From your experience, do the folks in the Cornell Engineering Career Center try hard to help individual undergrad students get paid summer jobs, co-ops, and future real jobs? Do they practice interviews with kids, improve their resumes, and work with them one on one to find job placements? Do they help find international summer study or work abroad opportunities for the engineers too?
With over 3,000 undergrad engineers at Cornell, I am just concerned that the Career Center employees may not have a lot of time for personal attention? My son is quiet and introverted. I’m worried how he will do in interviews and get a job. He will be a freshman engineer this fall.
We did like a Career Center manager we met on campus one day, but does the need for career counseling exceed the supply of experienced counselors. Does the same office serve the graduate students as well?
Your son will need to proactively seek out services he needs. Both of my kids got their summer internships and jobs through Cornell career center postings. Cornell has strong alumni network, and the career center is helpful in general, but they are not going to help a student find a job. He is going to have to do it on his own.
Cornell is a big red machine, everything is there, but one needs to proactively figure out where everything is to get the most out of it.
Almost all of my kids’ friends from Cornell had a job upon graduation, especially engineer students.
@oldfort That is kind of the answer I was expecting…I guess I was hoping for a slightly different answer.
Am worried about the “proactive” part and the interviews. Maybe he will make a few friends who are more proactive about getting help at the Career Center and he will follow by example. He is 100% self-motivated academically, but I haven’t seen him be assertive about getting jobs and taking leadership roles in outside activities. His shyness holds him back a little, I think. Making close friends may be a problem, but hopefully being surrounded by lots of engineer types will help him find his niche.
Part of why I was OK with Cornell for him was that I knew he would be have peers who might be good role models and set the bar high for him. But, $70K a year will be somewhat wasted if he doesn’t get internships and a job at the end…
Thanks for your honest assessment.
By the way, I wonder if there are any fraternities that might take introverted engineers? That would be a good growing experience for him, but I know he won’t pursue it unless a friend happened to push him to rush.
This maybe a bit helicoptering…If you are afraid your kid may not be as proactive as he needs to be, you can get access to Cornell’s career center website to find out when there are job fairs, and what jobs are available for him to apply.

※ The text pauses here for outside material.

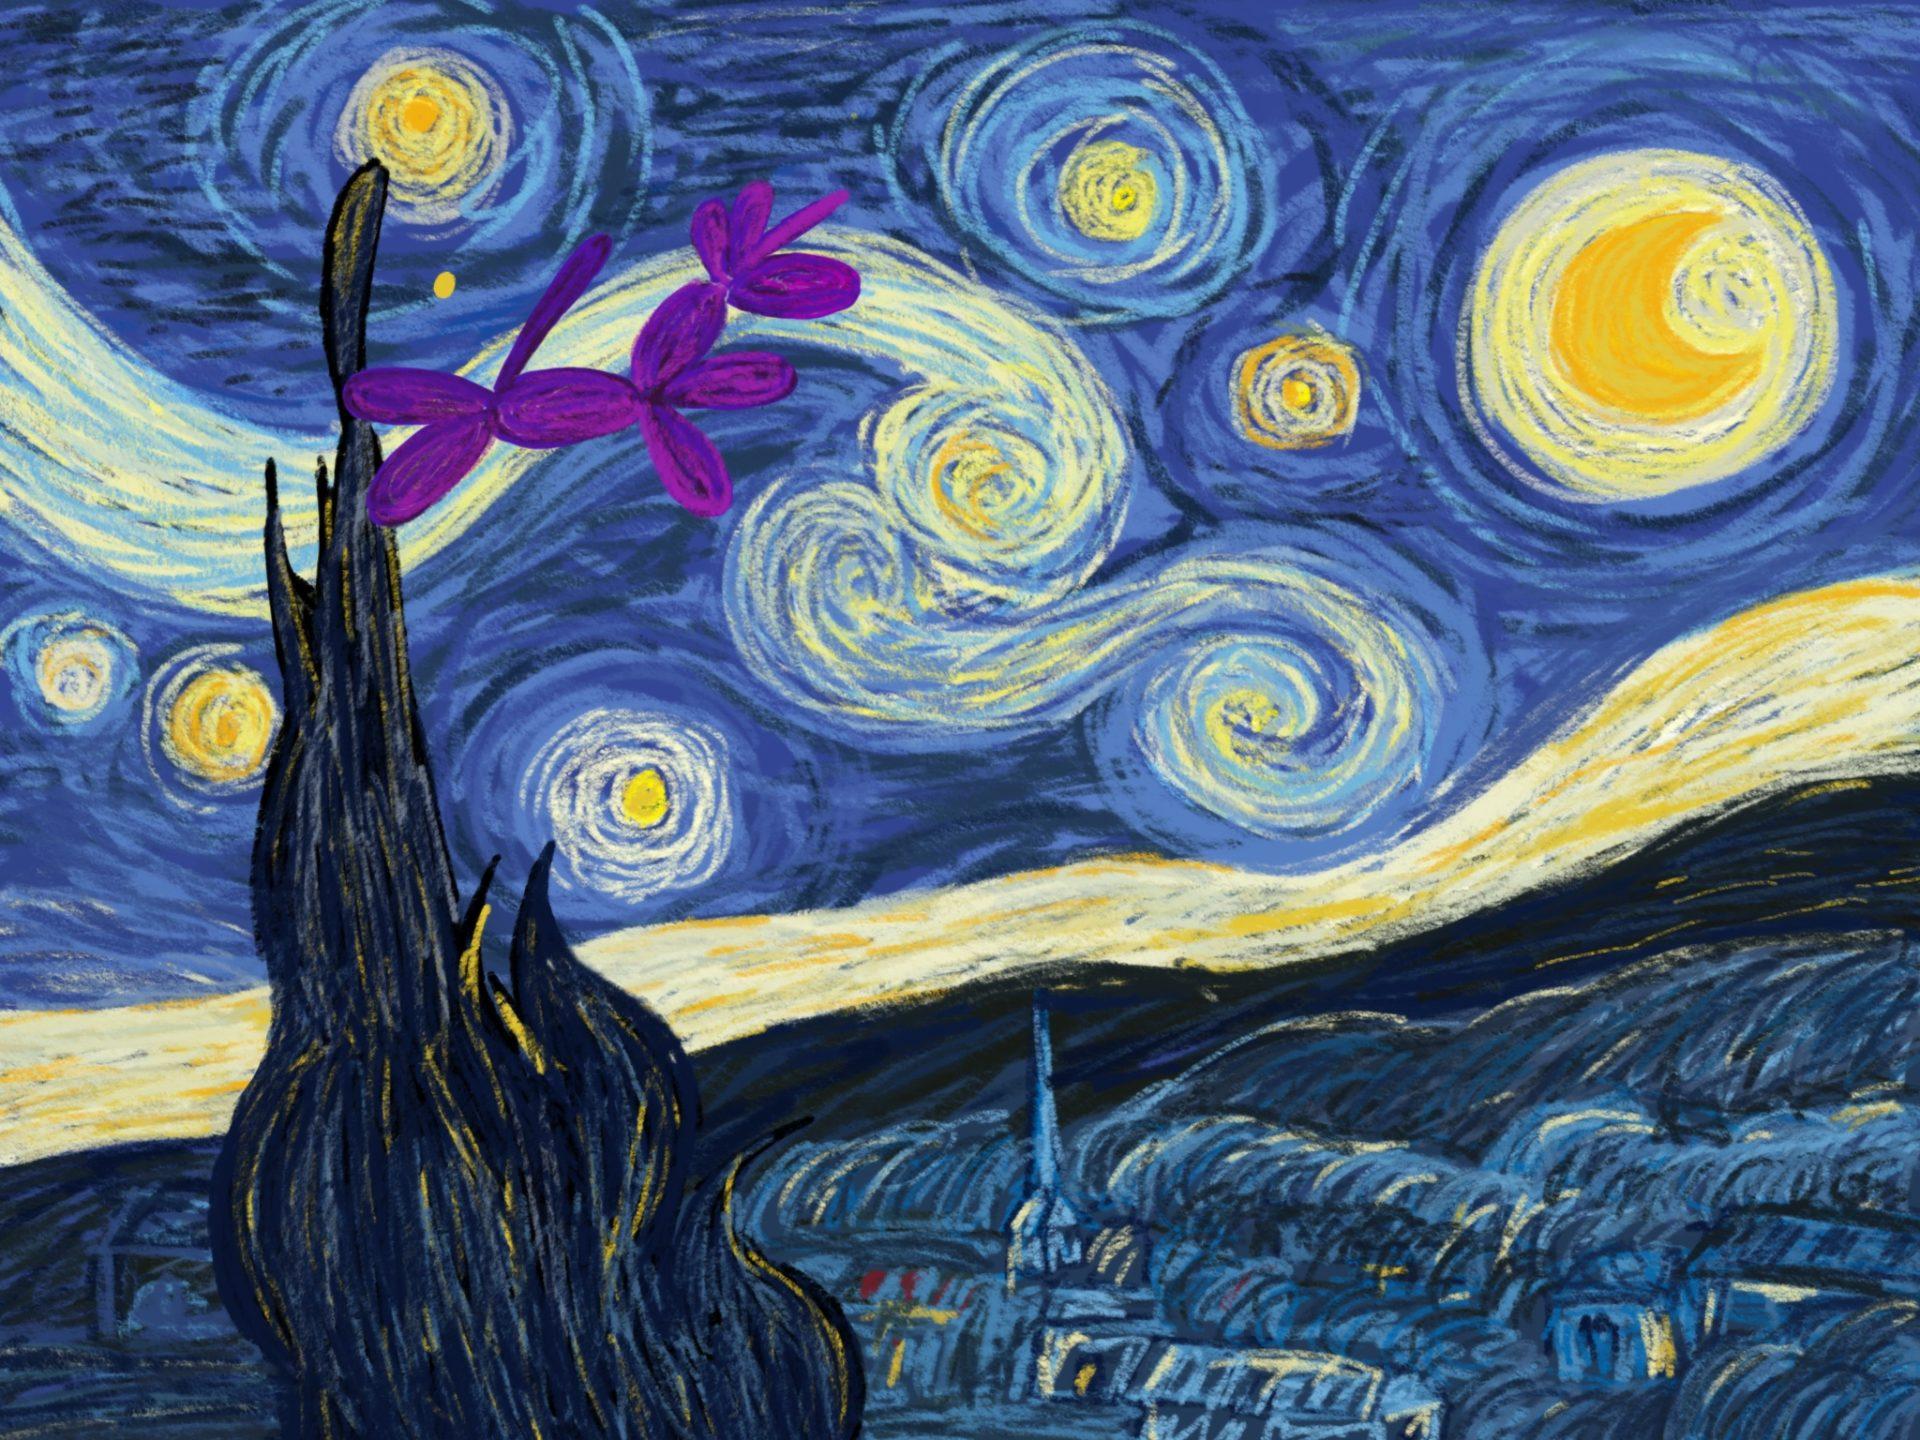 403b: extra art Thursday. Chuffles and the moon
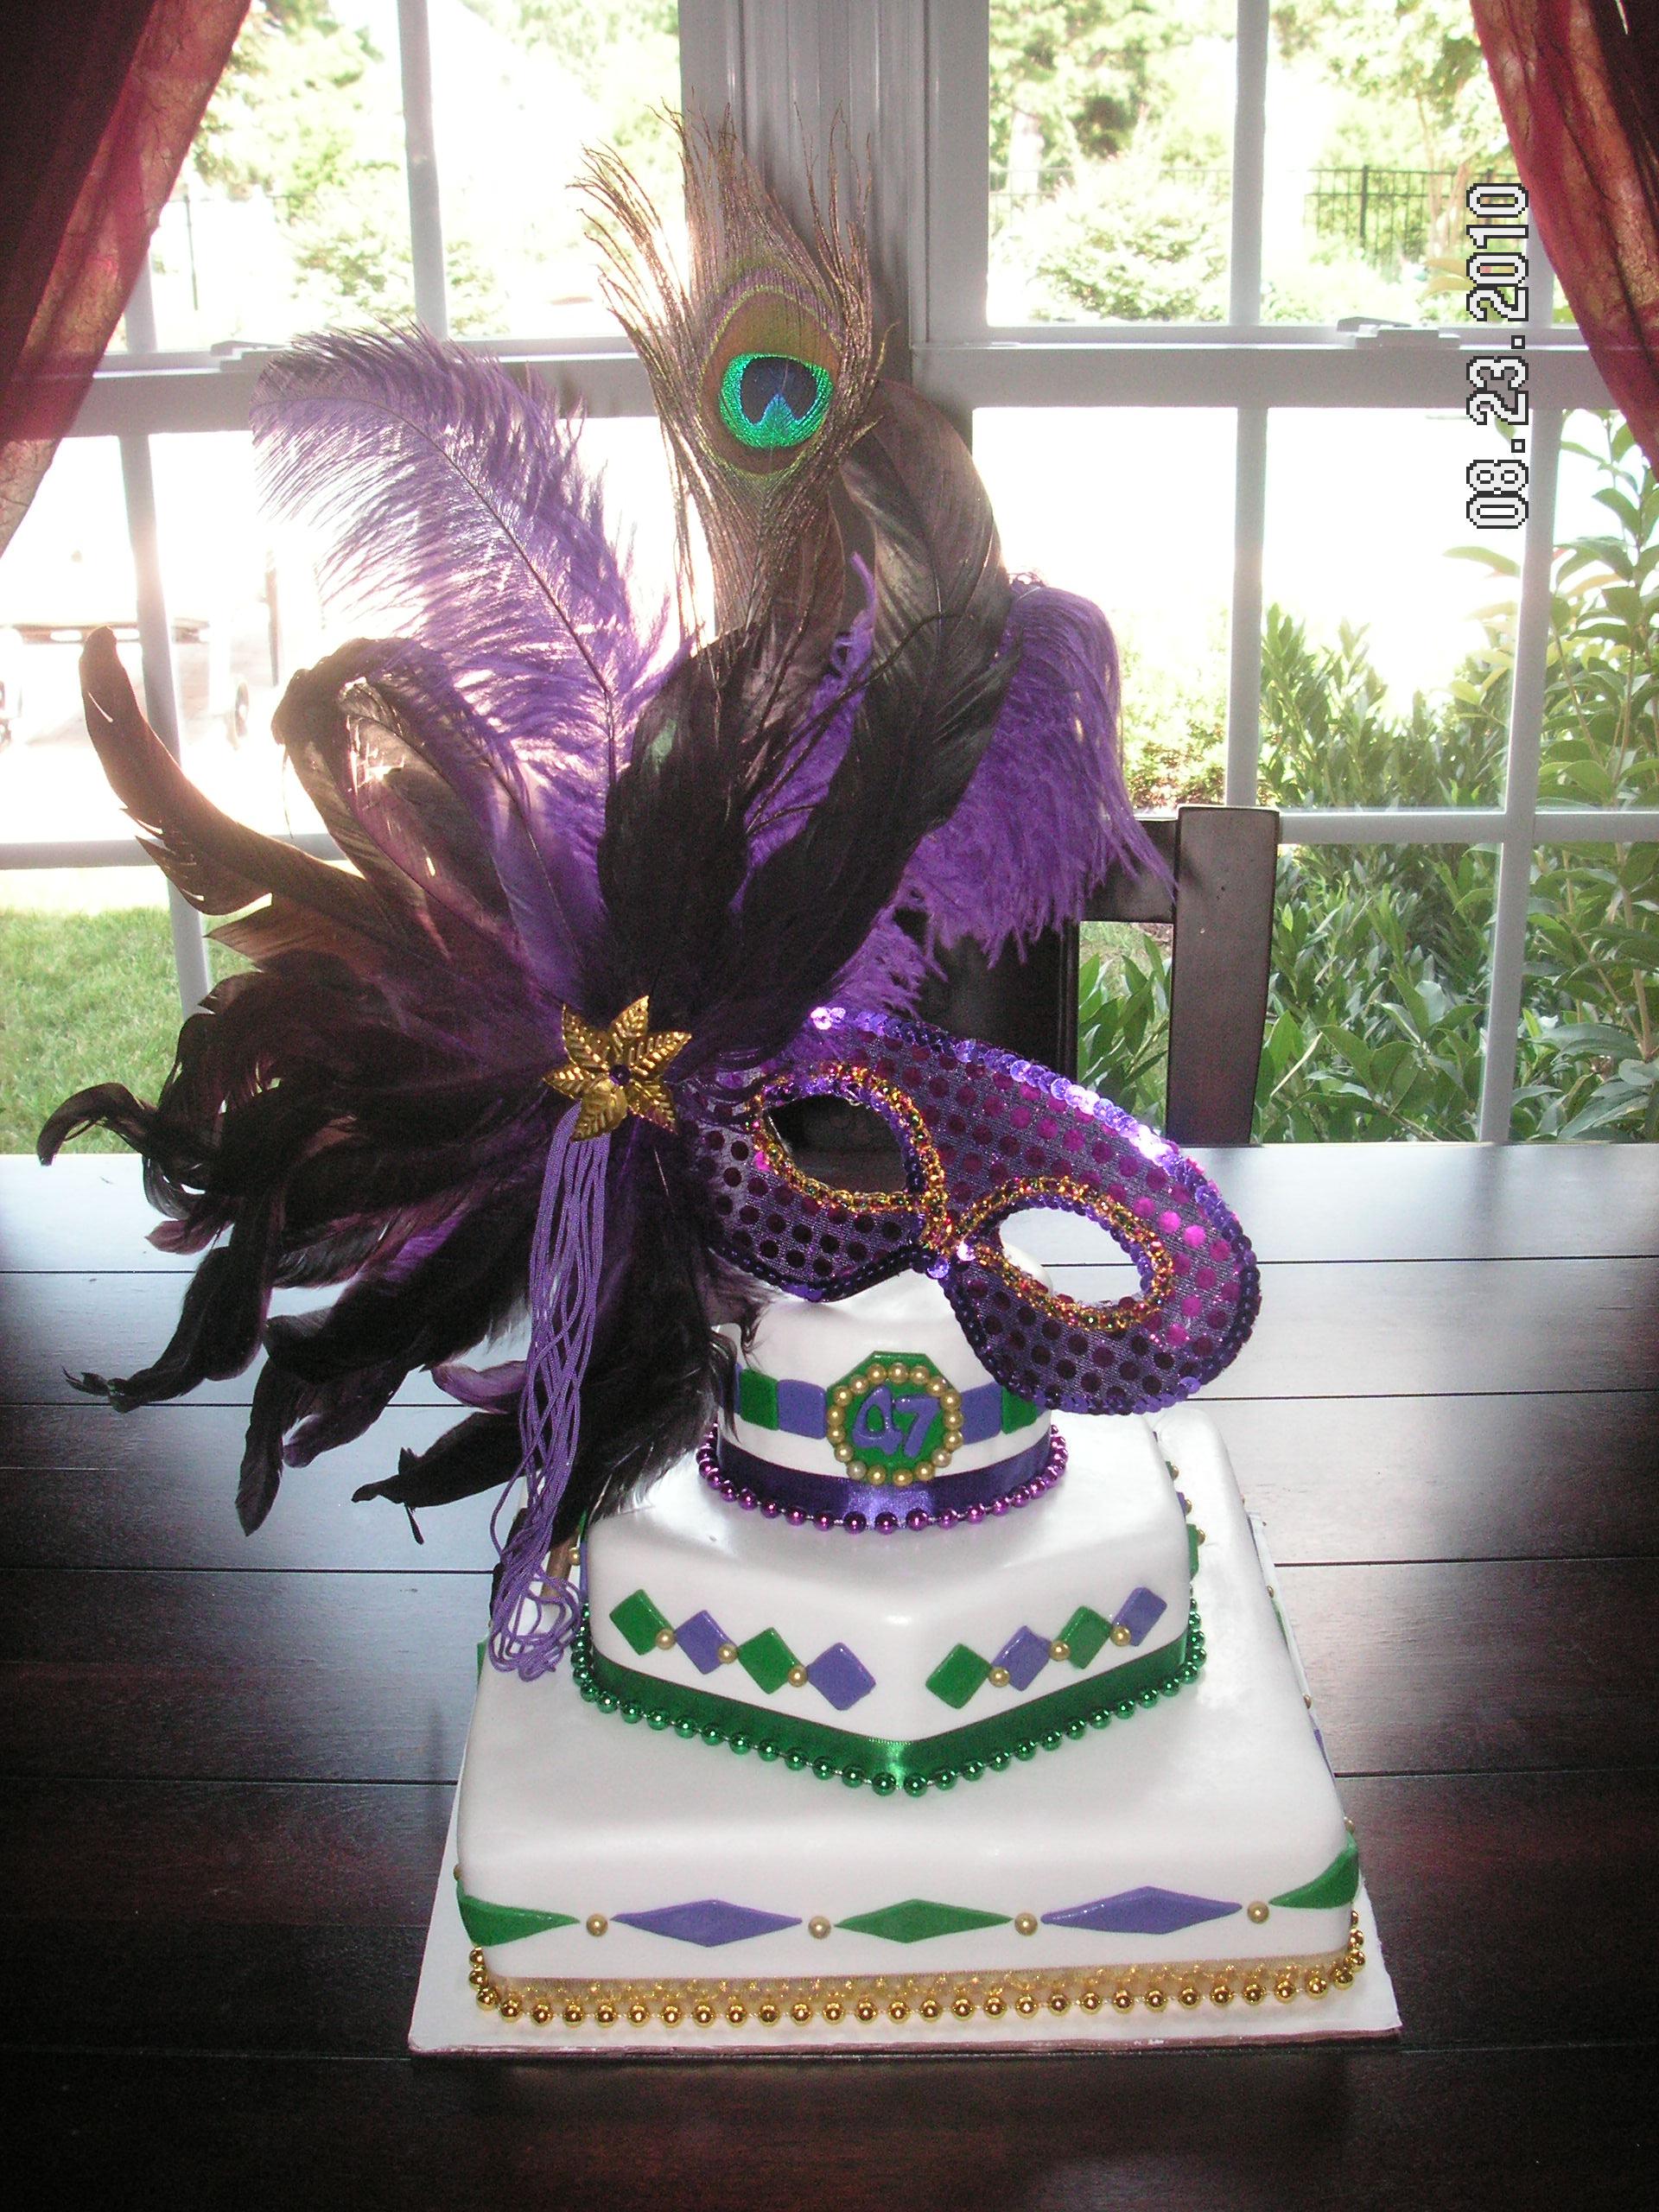 7 Photos of Mardi Grass Theme Cakes

My older kid was going into a very competitive field. I helped her quite a bit with her job search process initially.
Cornell’s career center has a fairly strict guideline on using their services, for both employers and students. Your son should be familiar with it or he may be banned from using it. https://www.career.cornell.edu/students/jobs/recruiting/upload/StudPolicies15-16.pdf
One thing I want to point out is that a lot of current students and alumni recommend their friends for jobs at their company. CS/engineers are in high demand from Cornell. As an example, a student is doing an internship at a company, he/she is graduating to take on a permanent job, the manager may ask if he/she knew of anyone from school that may want the internship next year.